The suggestion that an outside force should look into the case was made by HM Inspector of Constabulary, according to a confidential Home Office letter which the report quotes. But the then Chief Constable of North Wales "resisted" the idea.

The long-running police inquiry into child sex abuse in children's homes run by Clwyd County Council revealed Britain's biggest-ever child abuse scandal, with between 100 and 200 victims. Clwyd's own report into the affair, by child care expert John Jillings and two colleagues, was suppressed by the council at the behest of its insurers. The Welsh Secretary, William Hague, is considering publishing it. The Independent on Sunday has seen a copy.

During the inquiry, allegations were made against police officers, both serving and retired, and the report reveals that pressure for an independent police inquiry was made.

"The chairman of Clwyd social services and the county secretary and solicitor have consistently pressed for the Chief Constable of North Wales Police and the Minister of State at the Home Office to accept that it was inappropriate for the North Wales Police to themselves investigate profoundly serious allegations by young people directed against members of the police force," it says.

The report goes on: "In a letter from the private secretary to the Home Office to the county secretary and solicitor on May 17, 1993, it is made clear that: 'Ministers cannot intervene in police operational matters, nor, do they have any powers to direct a chief constable to appoint an officer from outside the force to take over or to supervise a police investigation.
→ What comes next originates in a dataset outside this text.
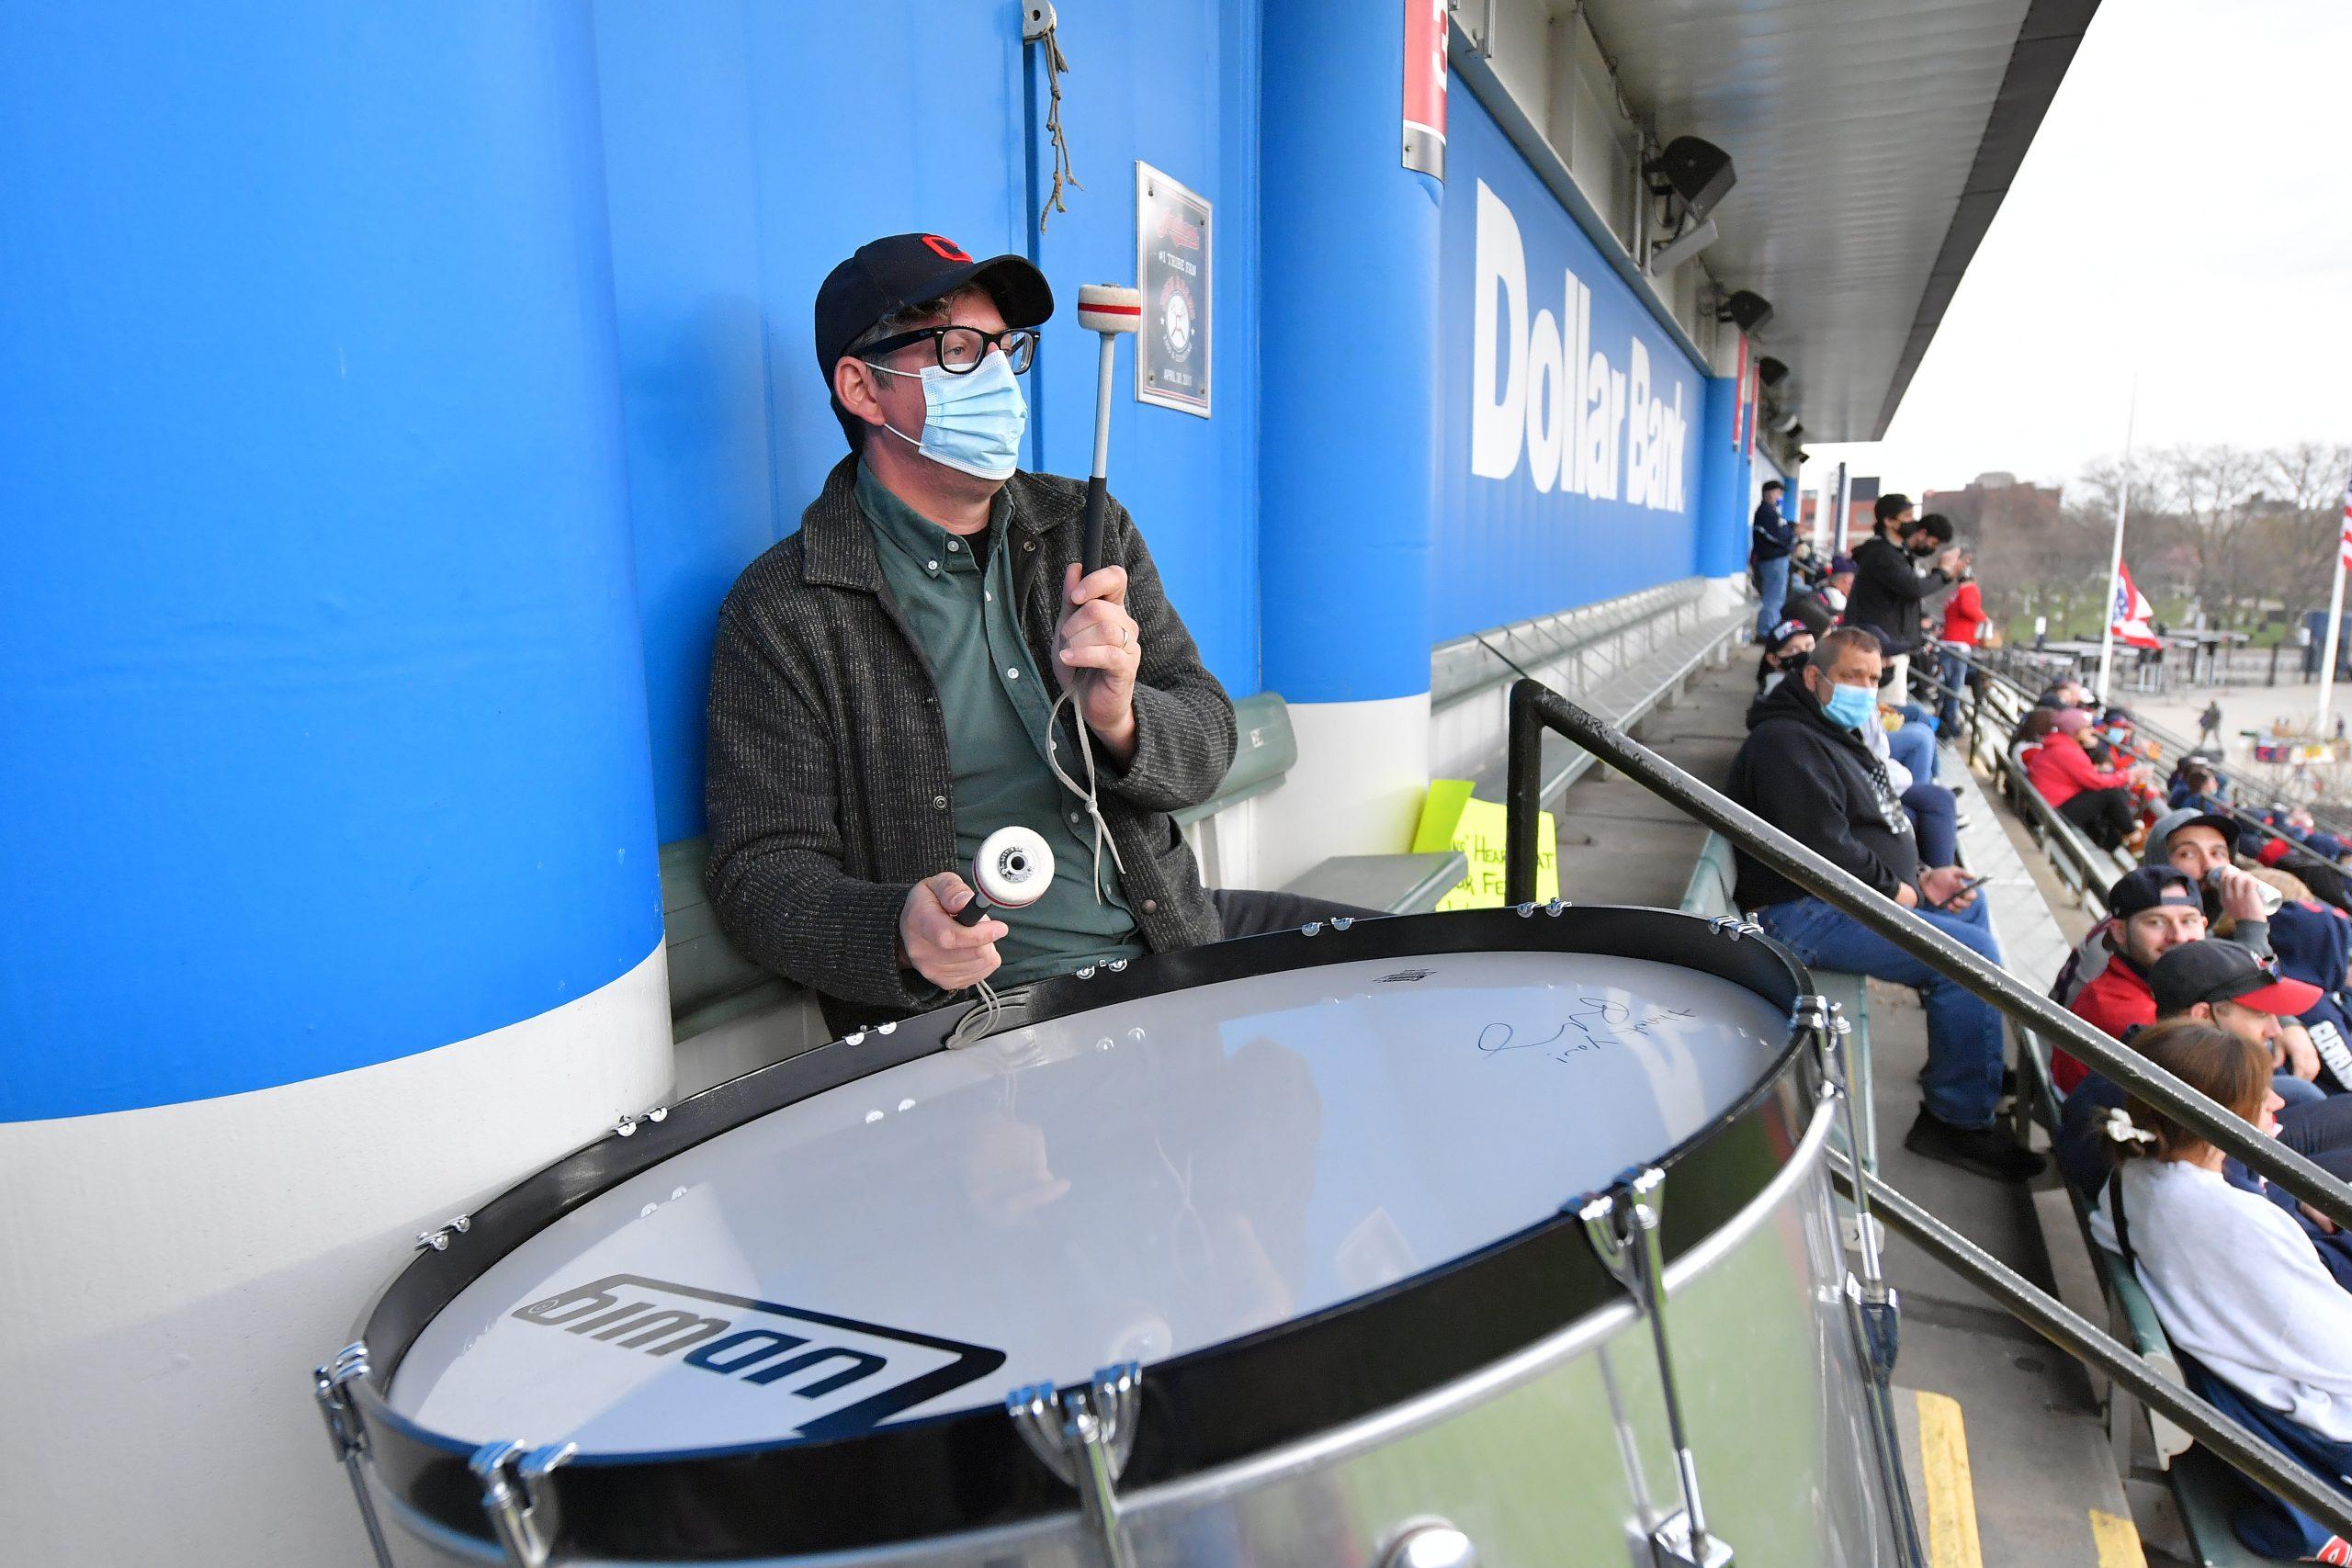 Patrick Carney debutó con el bombo en el Estadio de los Indians

" 'The then chief constable of North Wales Police has resisted the suggestion of HM Inspector of Constabulary that the appointment of an officer from outside the force would dispel any local disquiet about the objectivity of the investigation'."

A North Wales Police spokesman said yesterday: "Where police officers or ex-police officers are featured in any allegation, however tenuously, the files are referred to the Director of Public Prosecutions and in the case of serving officers, also to the Police Complaints Authority.

"Both the DPP and the PCA have publicly expressed their satisfaction with the thoroughness, impartiality, and professionalism of the North Wales Police investigation."

Although the Welsh Office has still to decide whether there should be a public inquiry into the abuse over 21 years at homes in North Wales, the Home Office letter shows that three years ago the ministry was under the impression that there was going to be a public inquiry and even knew some of its terms of reference.